⟨

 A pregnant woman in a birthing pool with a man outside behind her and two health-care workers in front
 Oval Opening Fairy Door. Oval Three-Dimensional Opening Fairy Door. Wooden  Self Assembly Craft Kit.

⟩
⟨

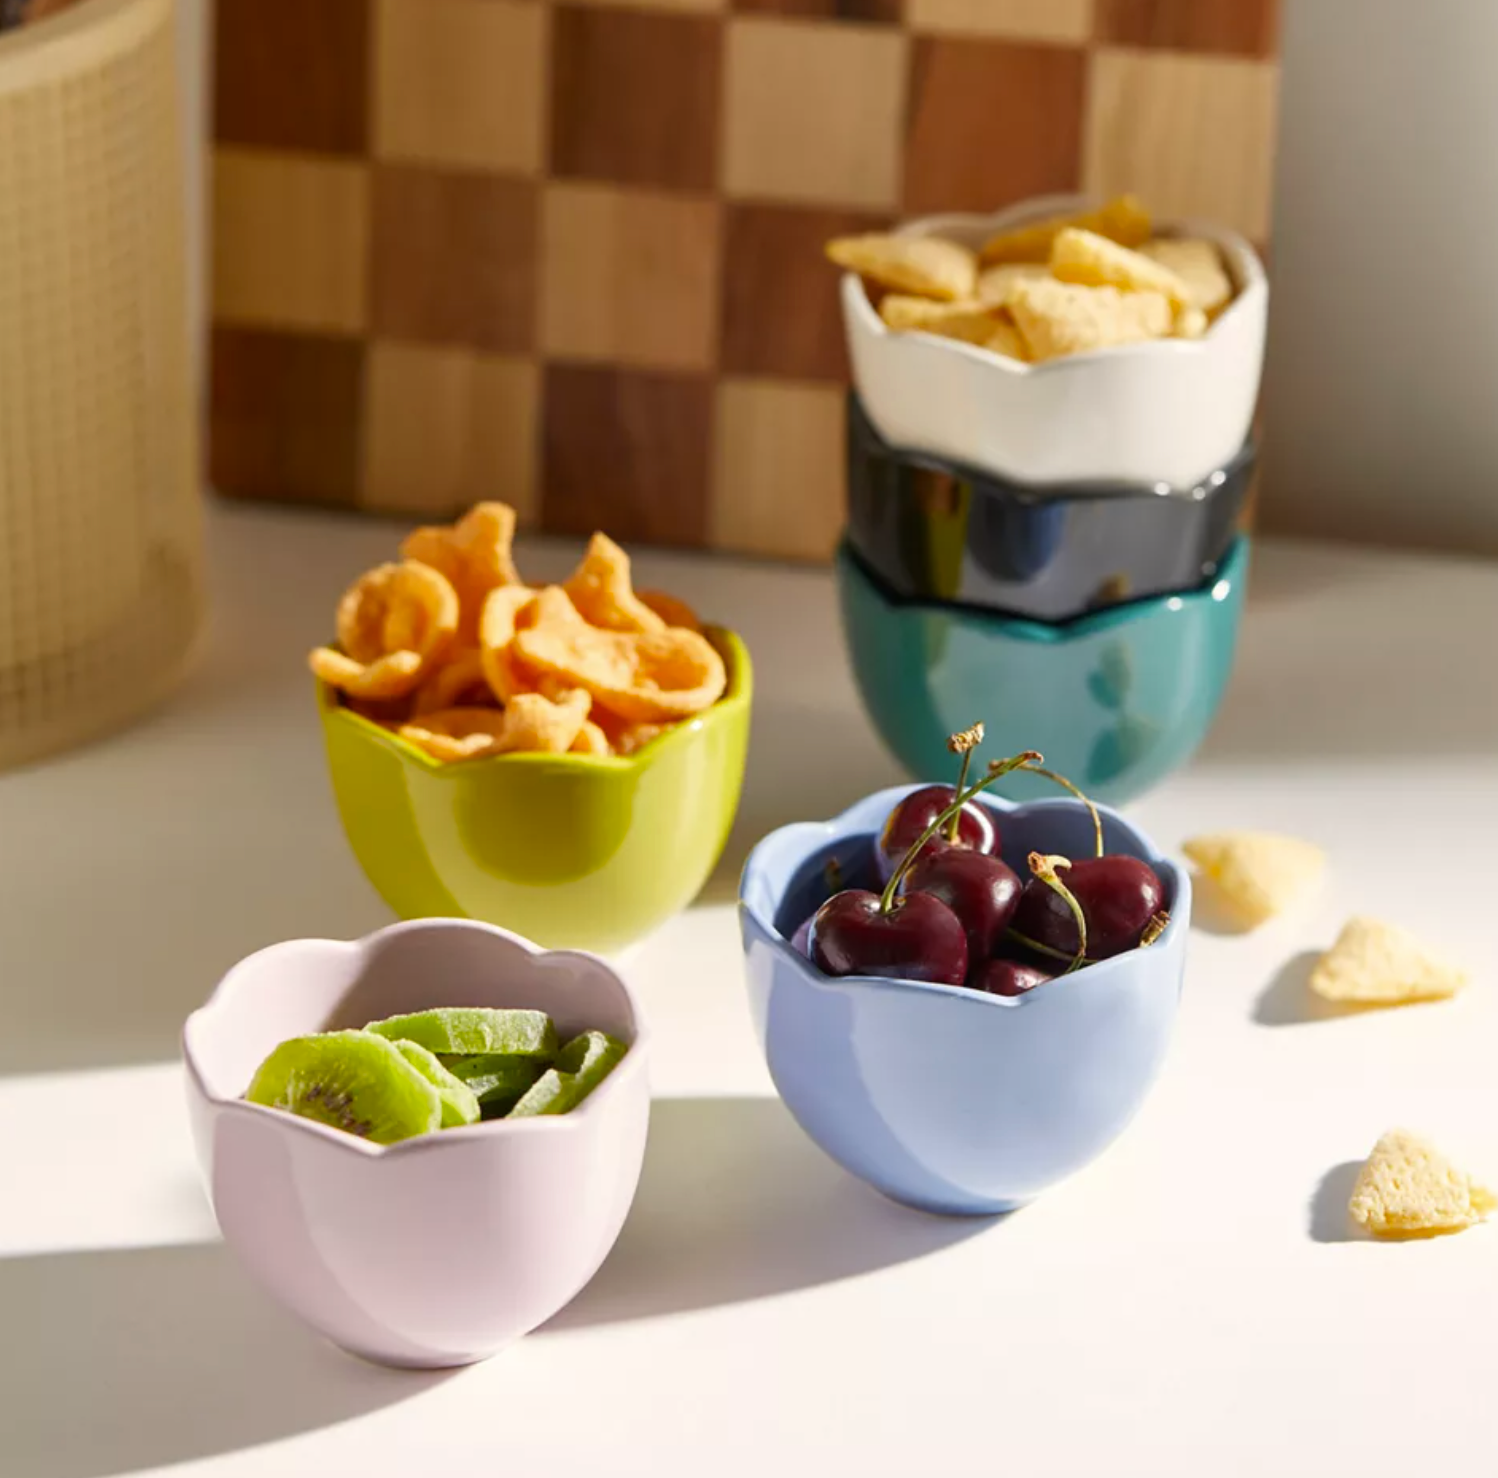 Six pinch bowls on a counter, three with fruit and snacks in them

⟩
⟨

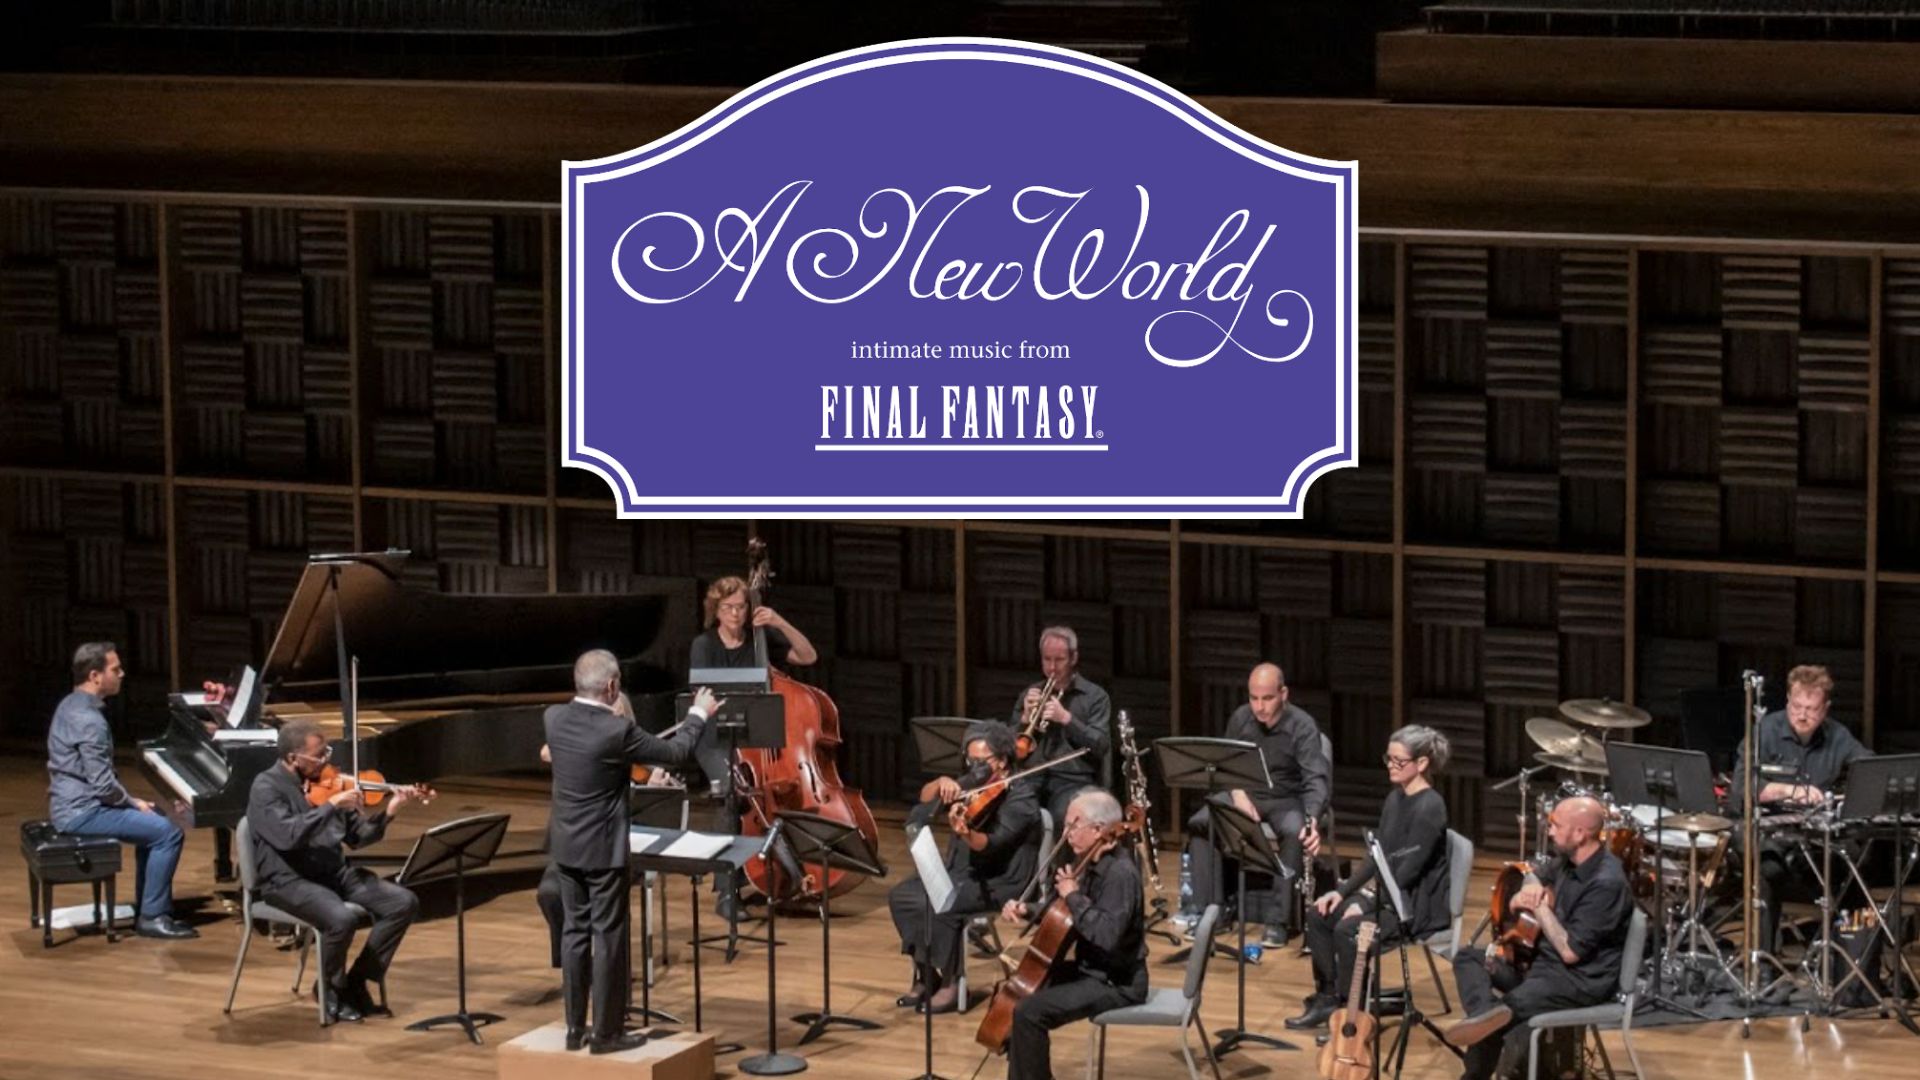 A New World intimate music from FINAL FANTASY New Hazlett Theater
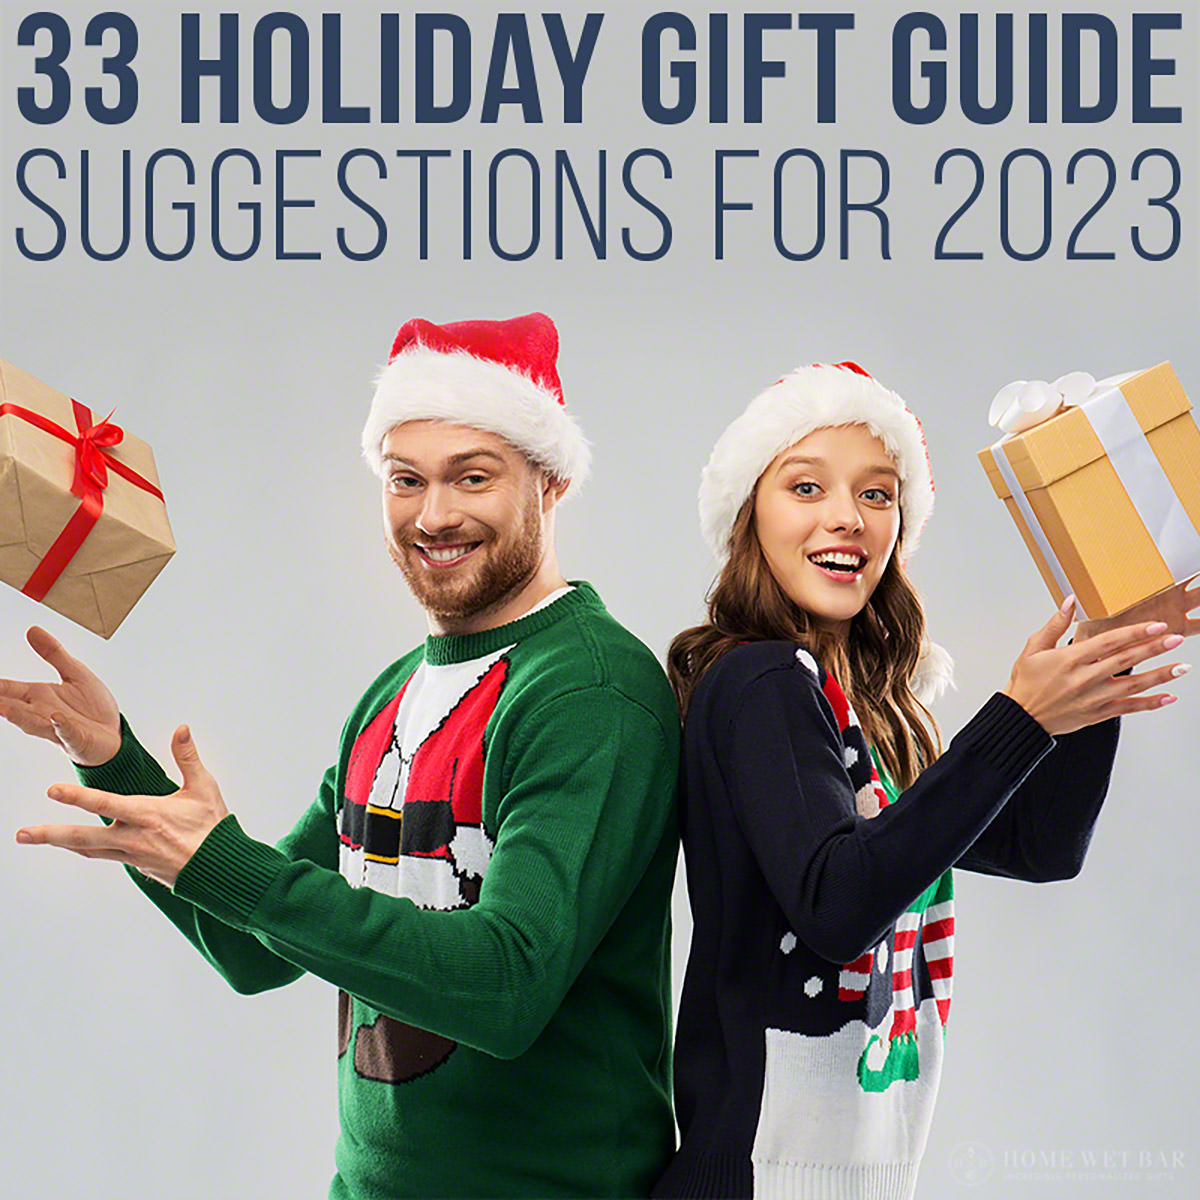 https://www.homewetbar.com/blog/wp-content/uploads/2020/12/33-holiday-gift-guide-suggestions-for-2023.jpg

⟩

_TASK TO CARRY OUT_
Using the listing above, return word for word each line from the one that has "A pregnant woman" through the one that has "Oval Opening Fairy", and no line outside that range.

_RESULT OF THIS TASK_
 A pregnant woman in a birthing pool with a man outside behind her and two health-care workers in front
 Oval Opening Fairy Door. Oval Three-Dimensional Opening Fairy Door. Wooden  Self Assembly Craft Kit.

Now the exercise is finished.